:: ASSIGNMENT ::
Repeat the data below in full. Pictures must not be part of the copy.

======== DATASET SECTION ========

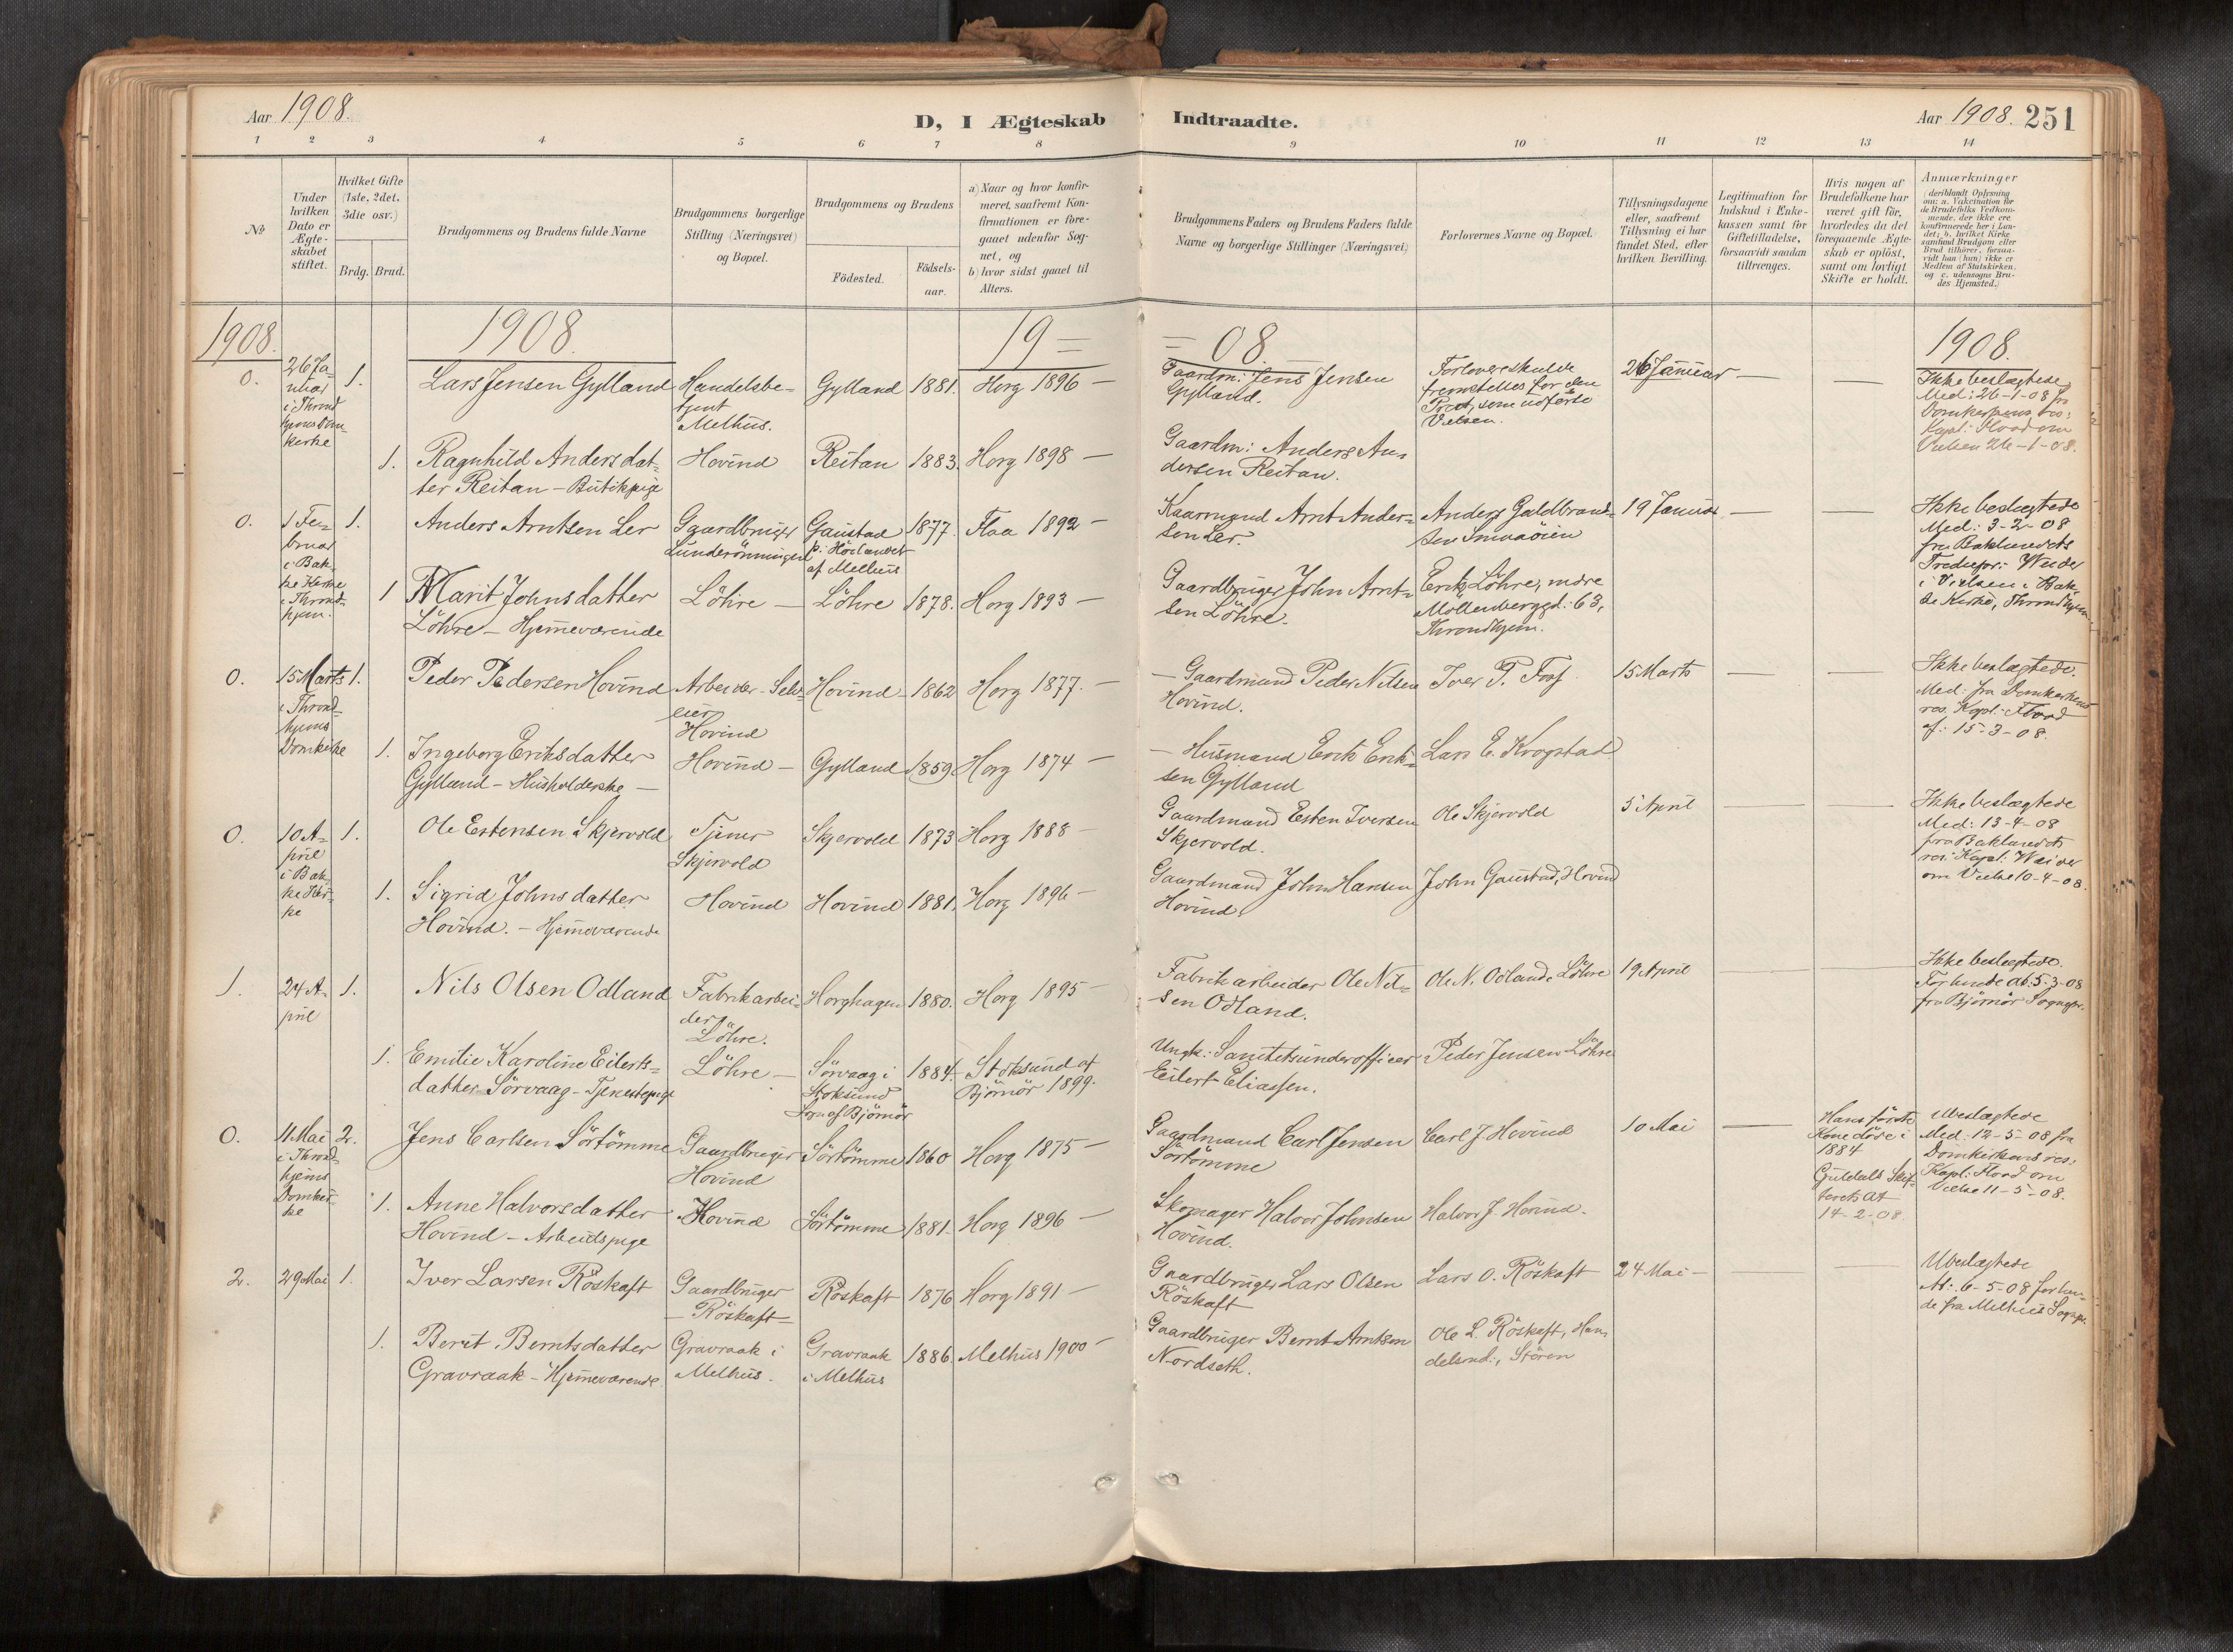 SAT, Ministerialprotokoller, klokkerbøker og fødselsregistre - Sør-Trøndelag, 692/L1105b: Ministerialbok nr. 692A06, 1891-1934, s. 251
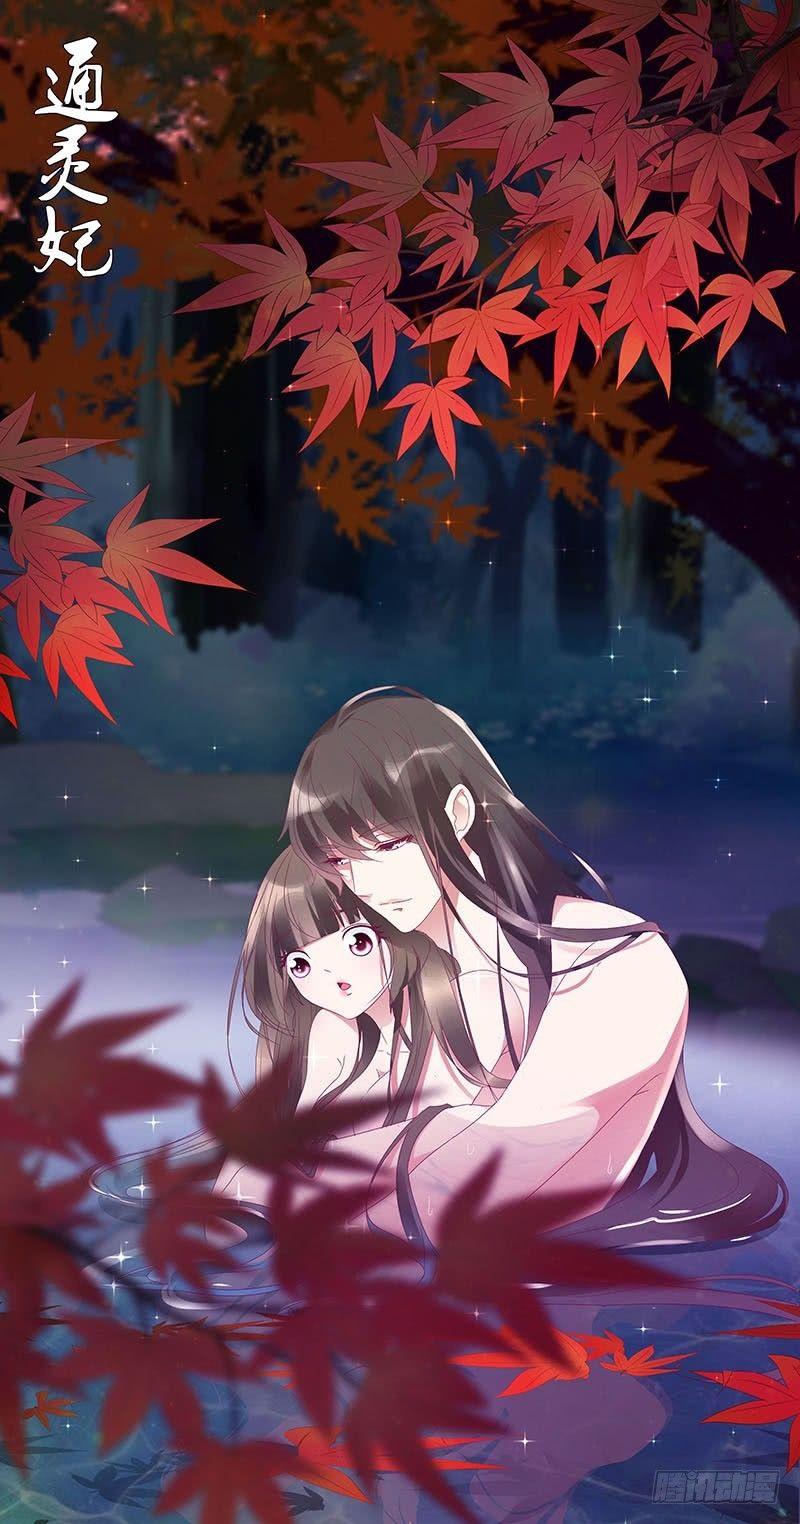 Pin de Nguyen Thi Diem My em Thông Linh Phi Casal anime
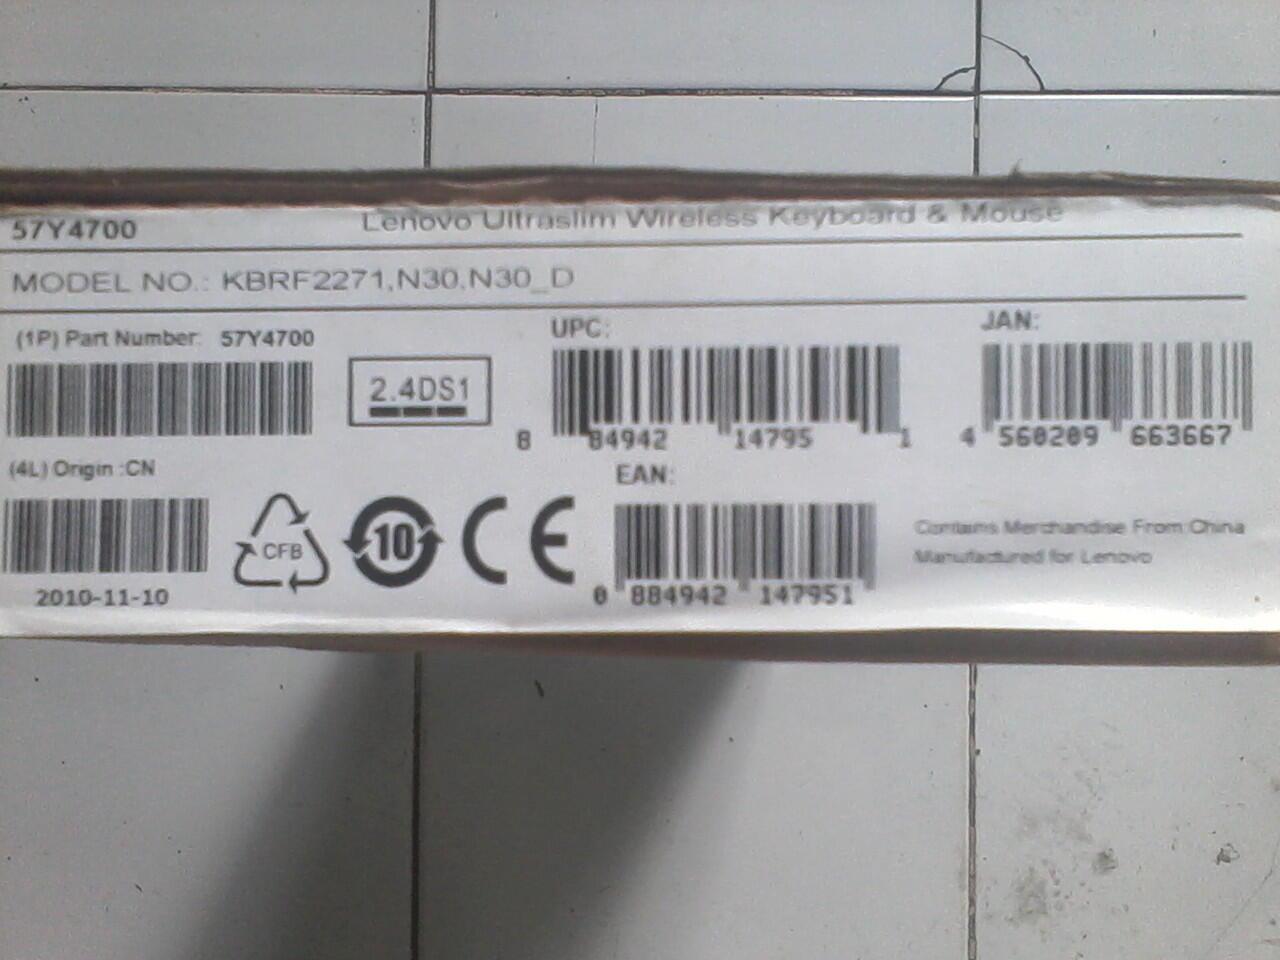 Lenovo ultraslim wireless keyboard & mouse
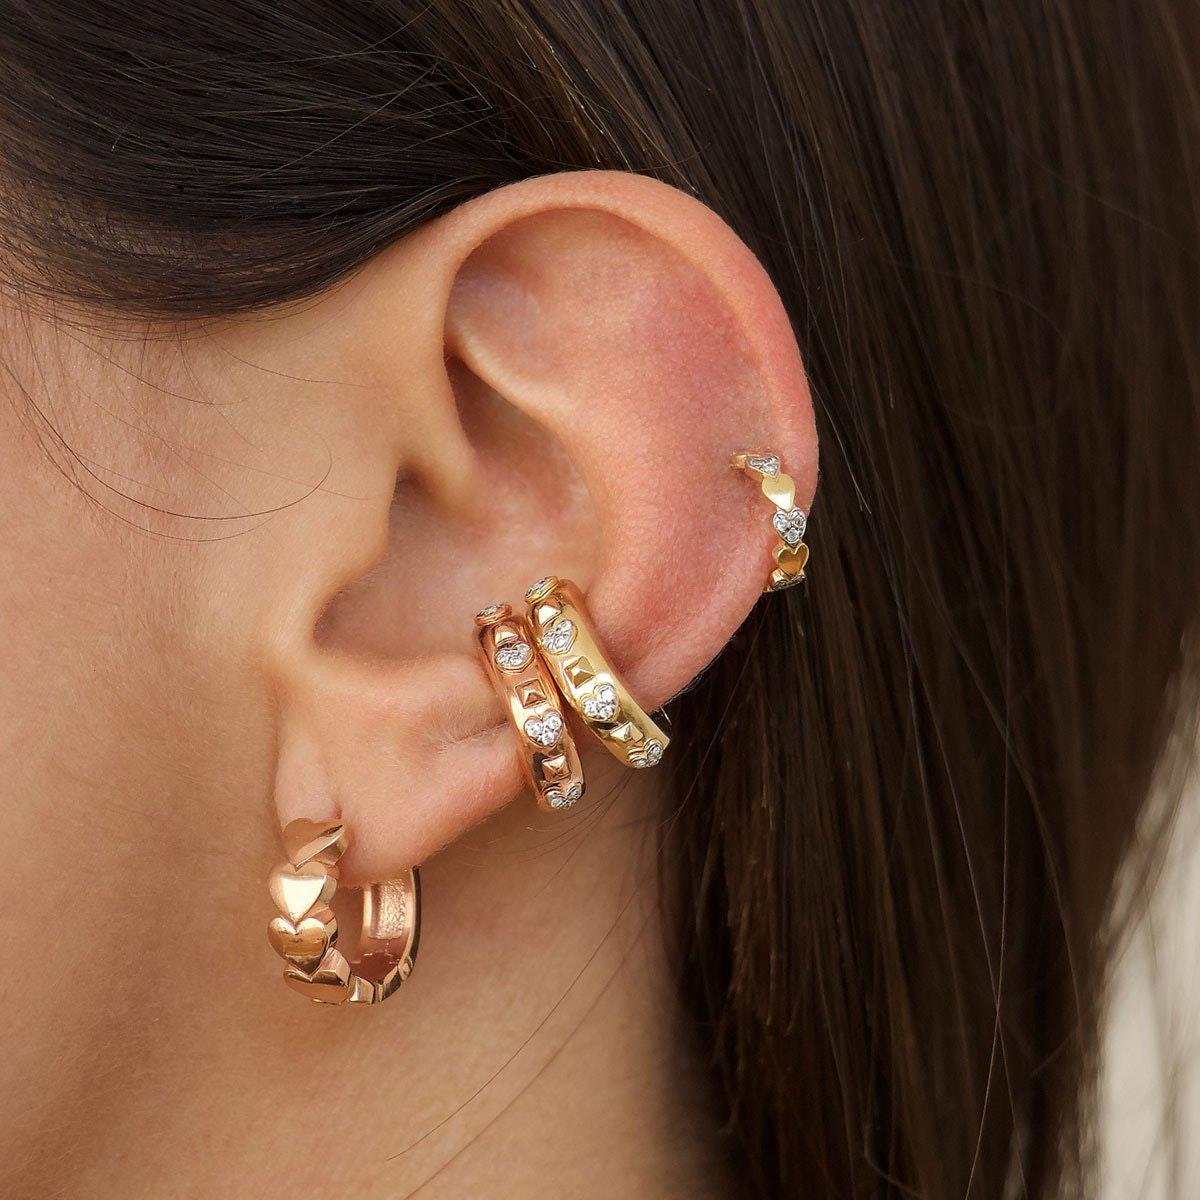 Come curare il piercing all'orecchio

========

:: TASK SOLUTION ::
 SAT, Ministerialprotokoller, klokkerbøker og fødselsregistre - Sør-Trøndelag, 692/L1105b: Ministerialbok nr. 692A06, 1891-1934, s. 251
 Pin de Nguyen Thi Diem My em Thông Linh Phi Casal anime
 Lenovo ultraslim wireless keyboard & mouse
 Come curare il piercing all'orecchio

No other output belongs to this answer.